_GOAL OF THE EXERCISE_.
Everything from the line containing "Woman dressed up" through the last line of the listing below should be returned exactly, except for pictures.

_DATA SHOWN_.
- Opening Delimiter -

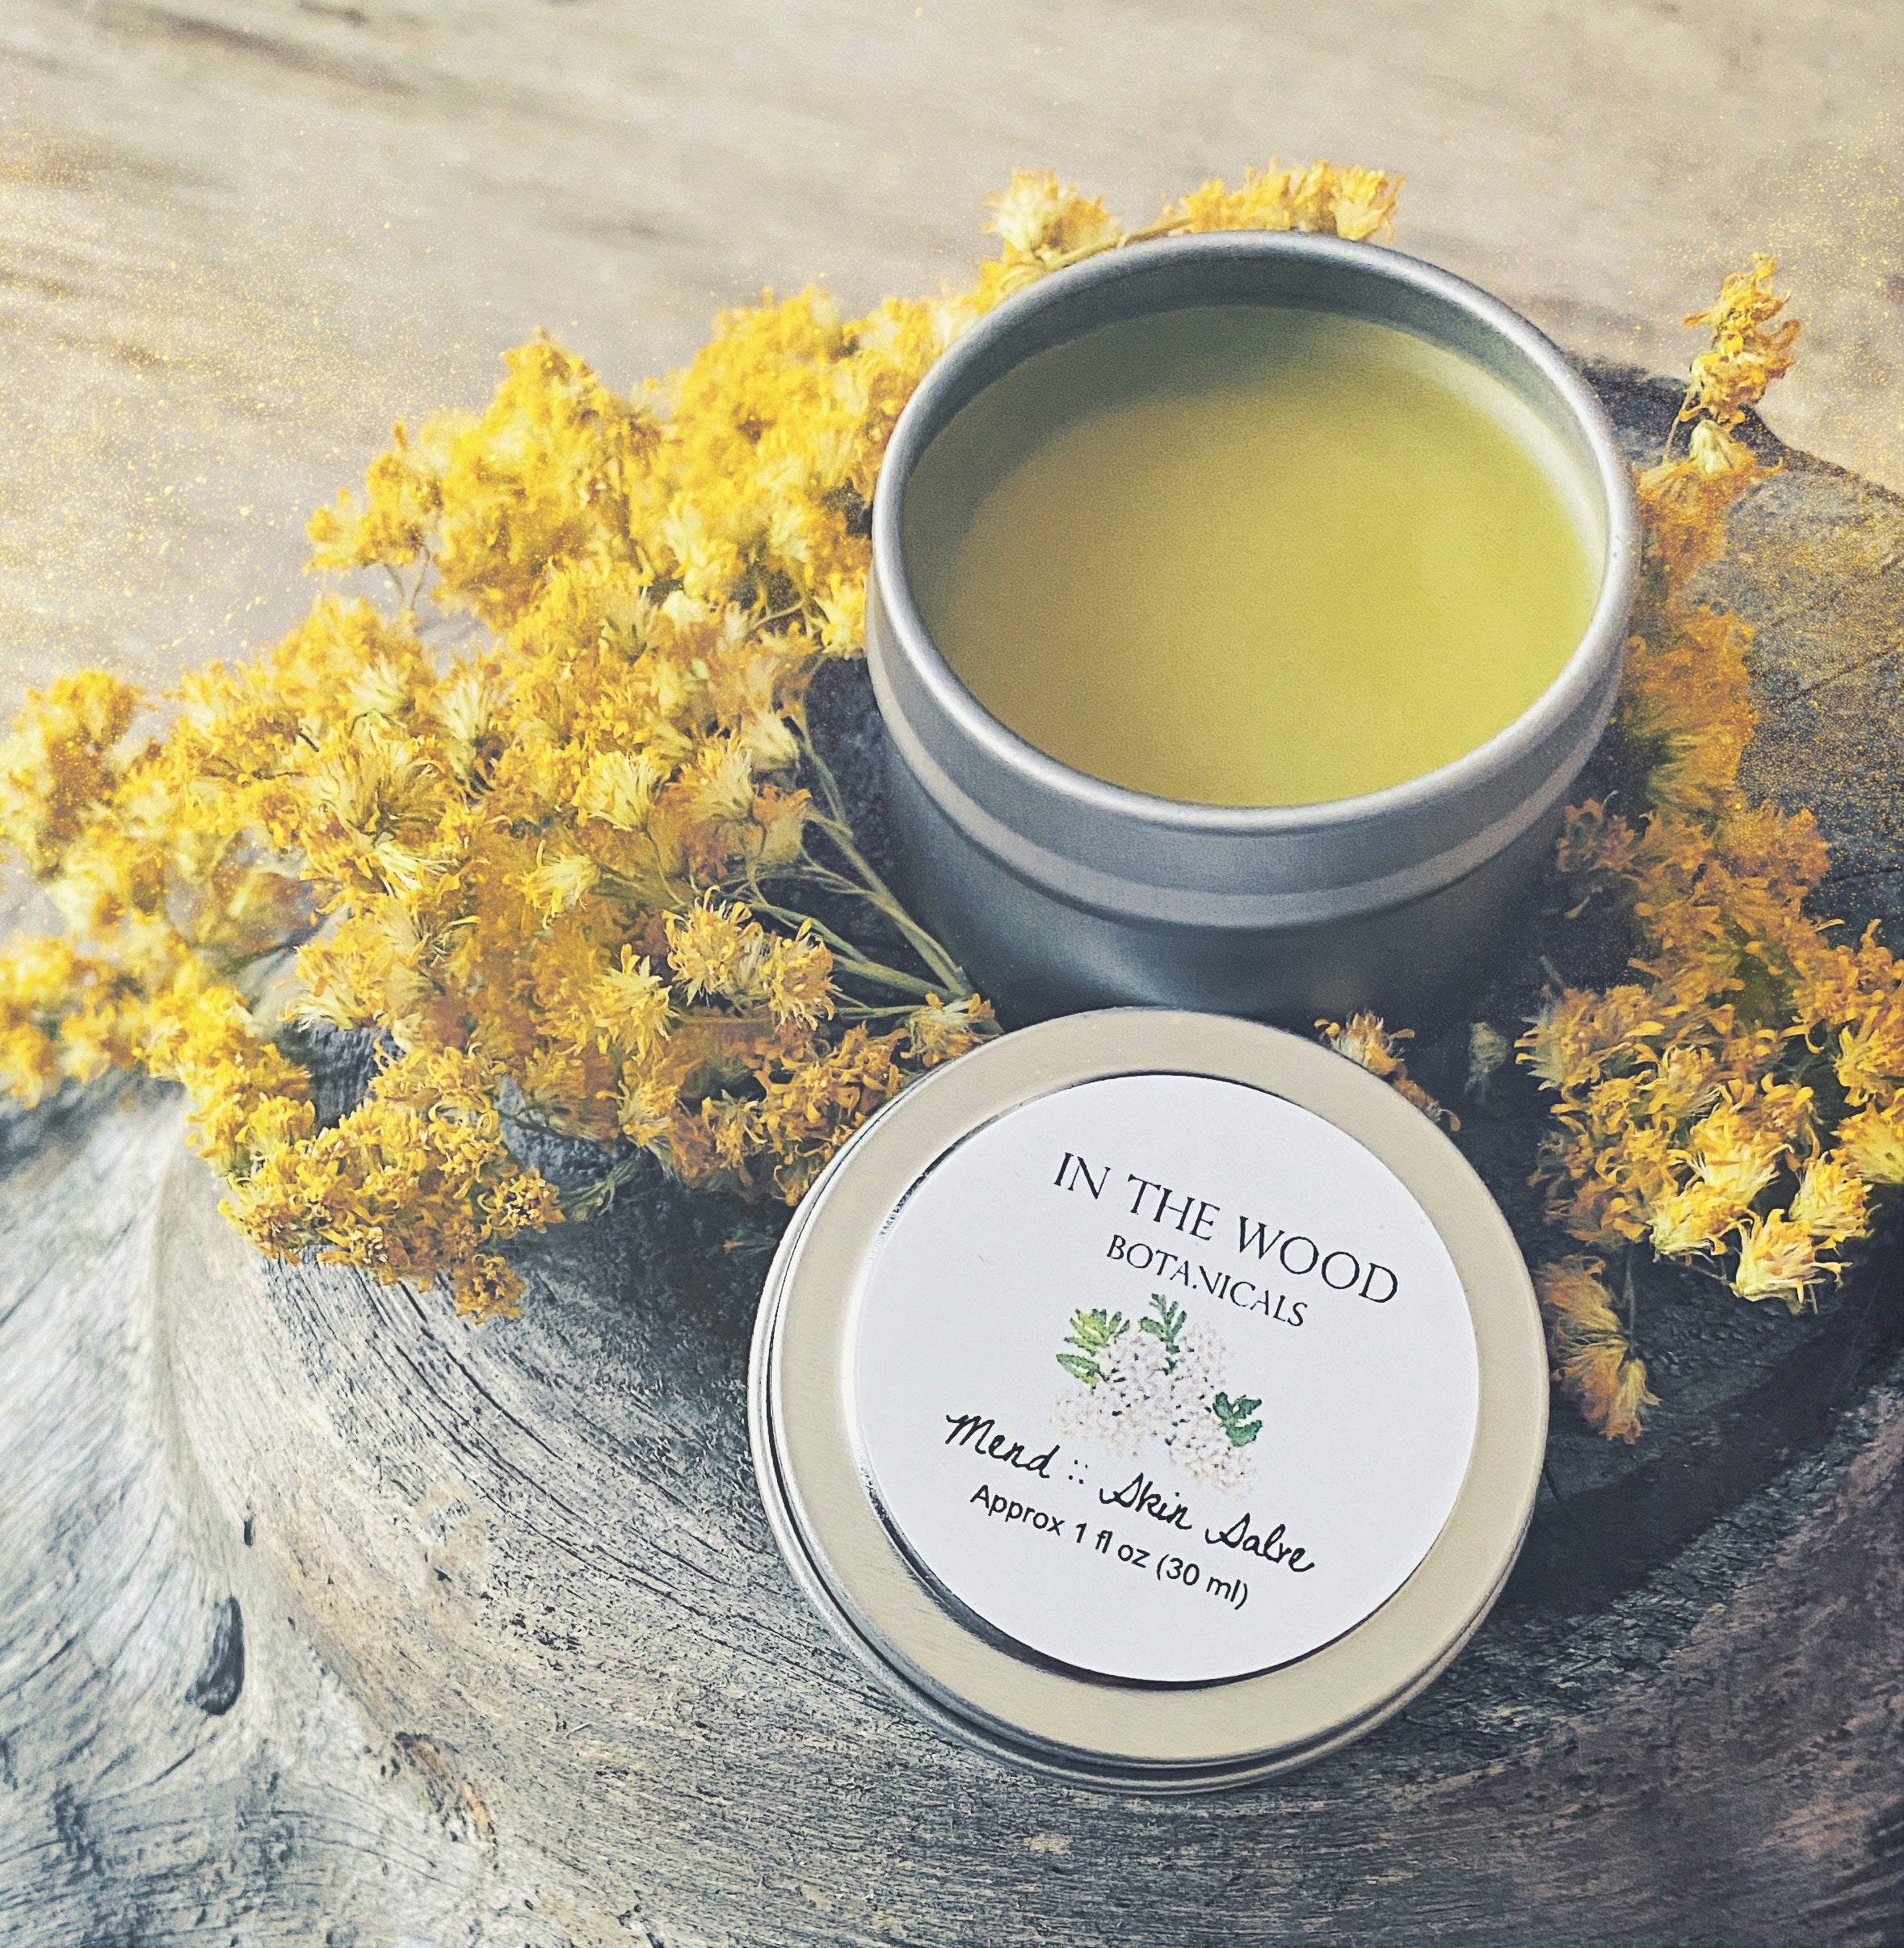 Mend :: An All-Purpose Herbal Salve for Skin
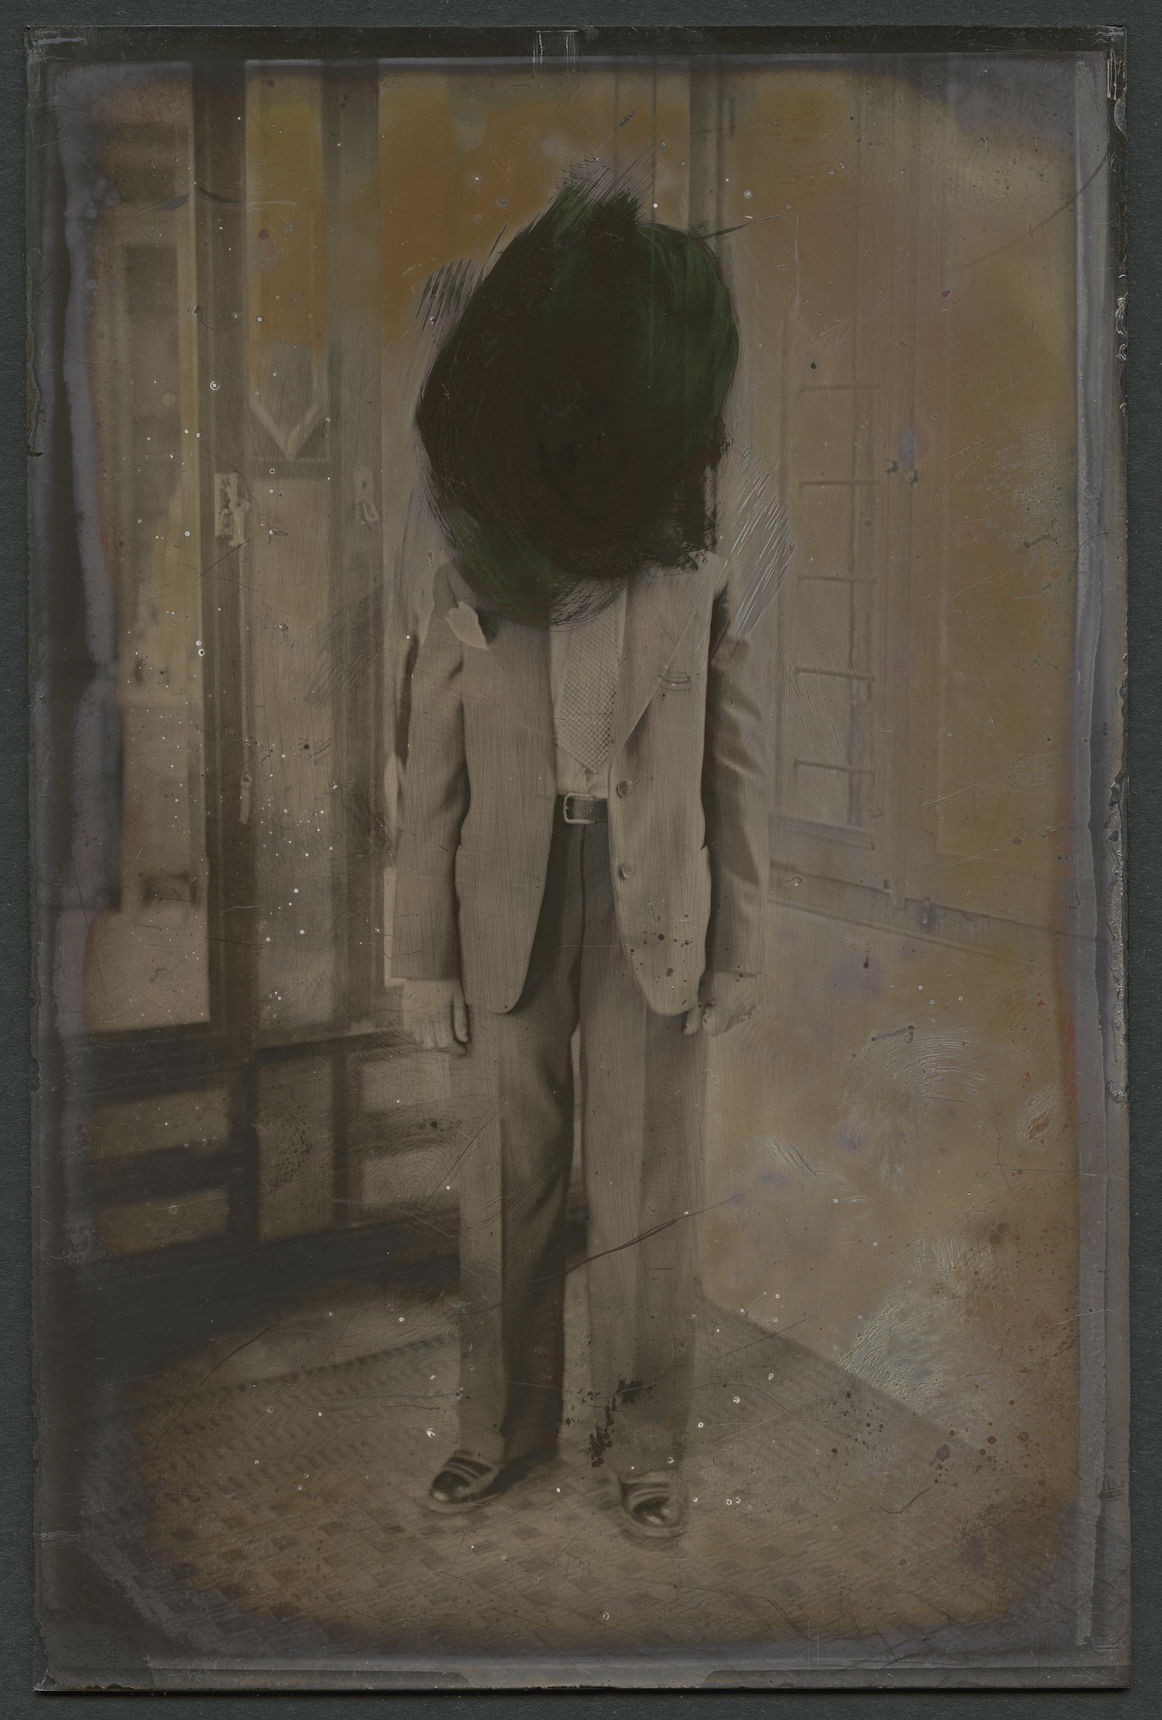 Woman dressed up in a suit, Muhamad Orabi, undated, Tripoli, Lebanon. ​
Mohsen Yammine Collection, courtesy of the Arab Image Foundation, Beirut
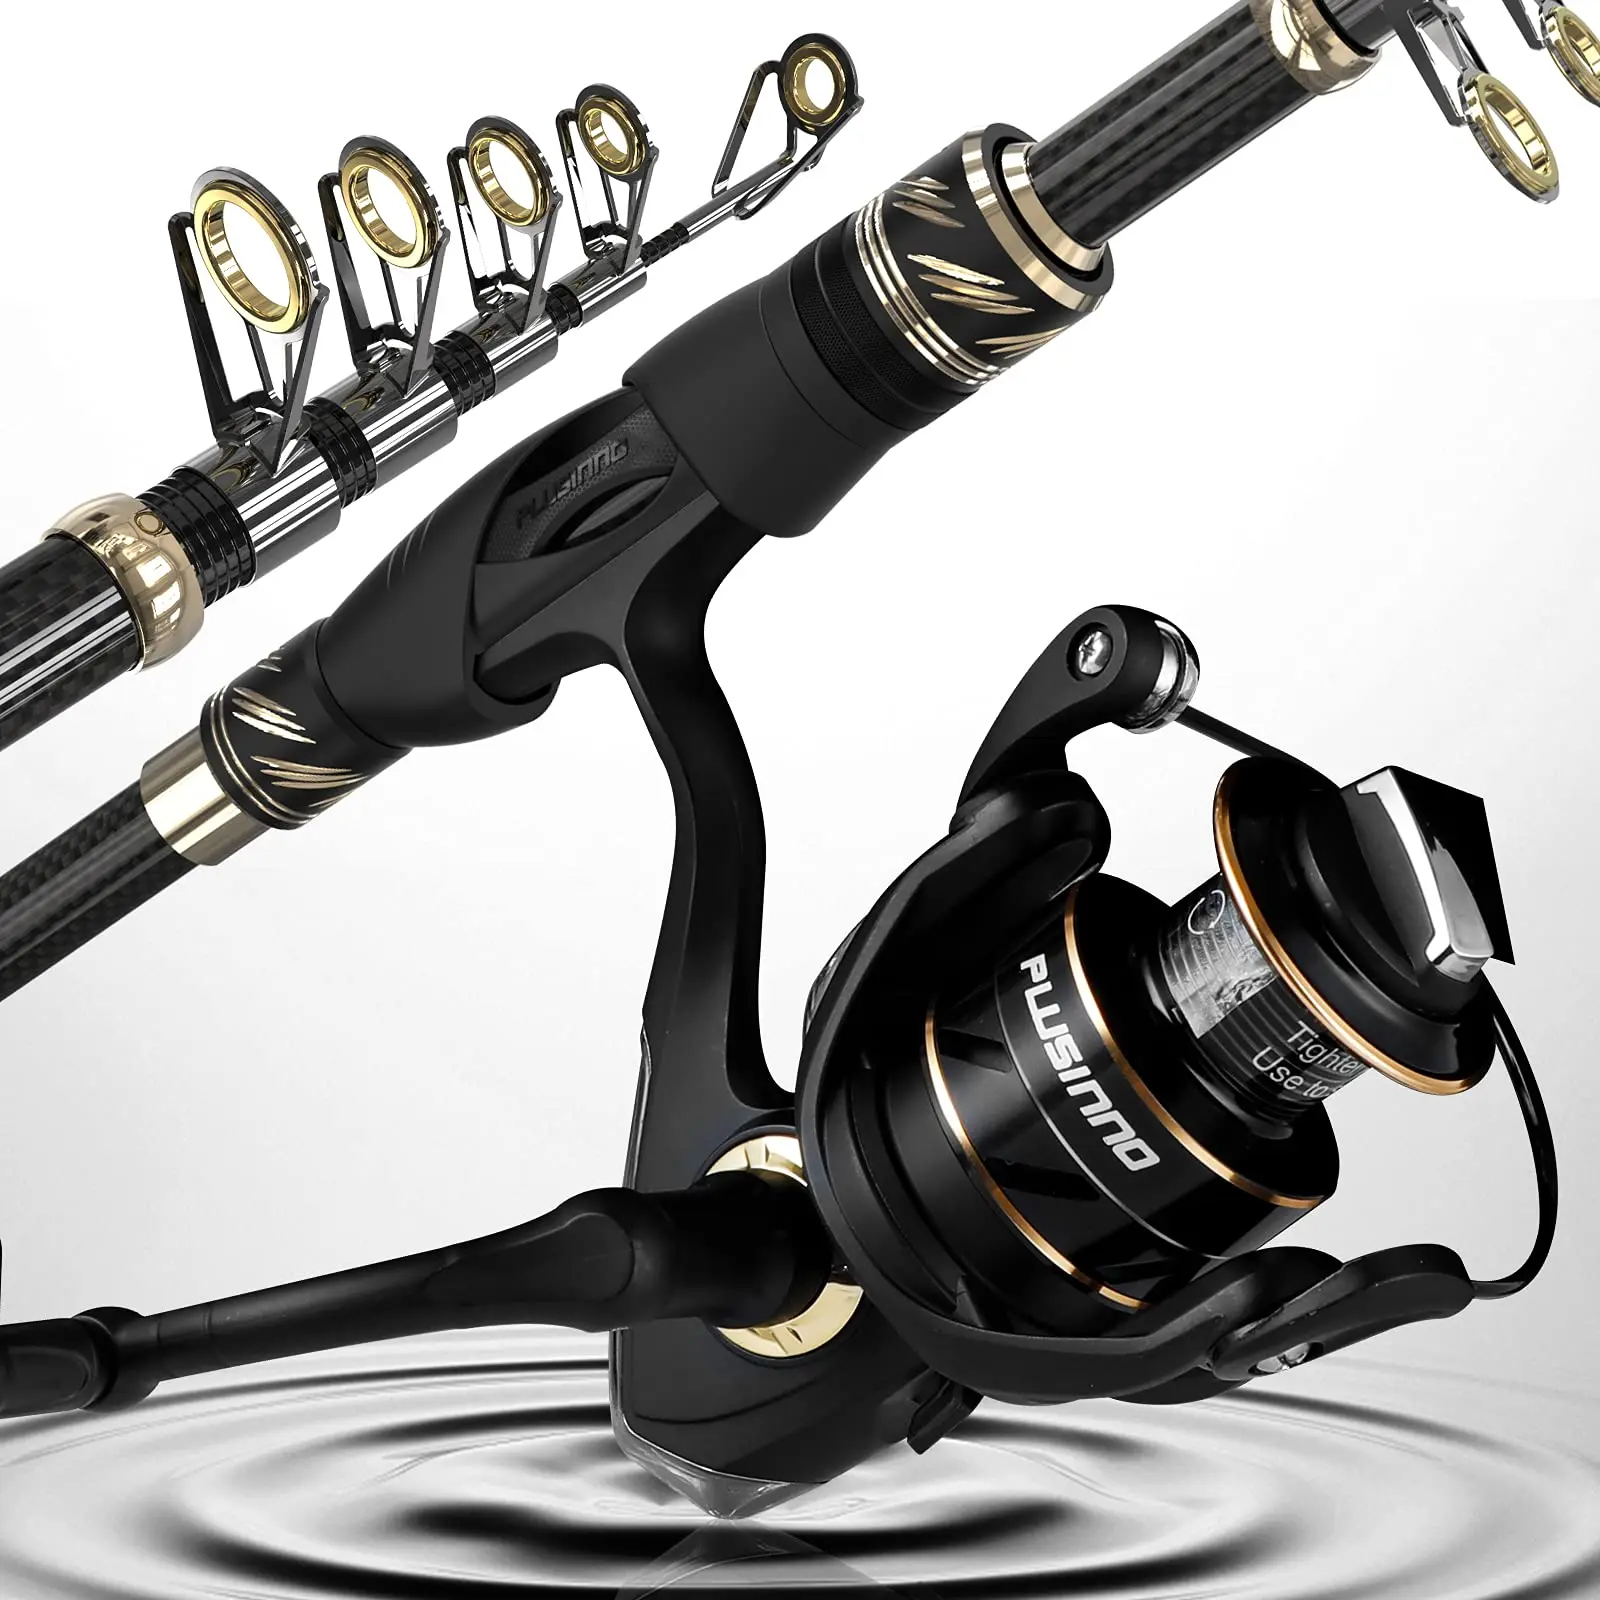  moisture Reel and Fishing Rod Combo Ultralight Carbon

- Closing Delimiter -

_RESPONSE AREA_.
 Woman dressed up in a suit, Muhamad Orabi, undated, Tripoli, Lebanon. ​
Mohsen Yammine Collection, courtesy of the Arab Image Foundation, Beirut
  moisture Reel and Fishing Rod Combo Ultralight Carbon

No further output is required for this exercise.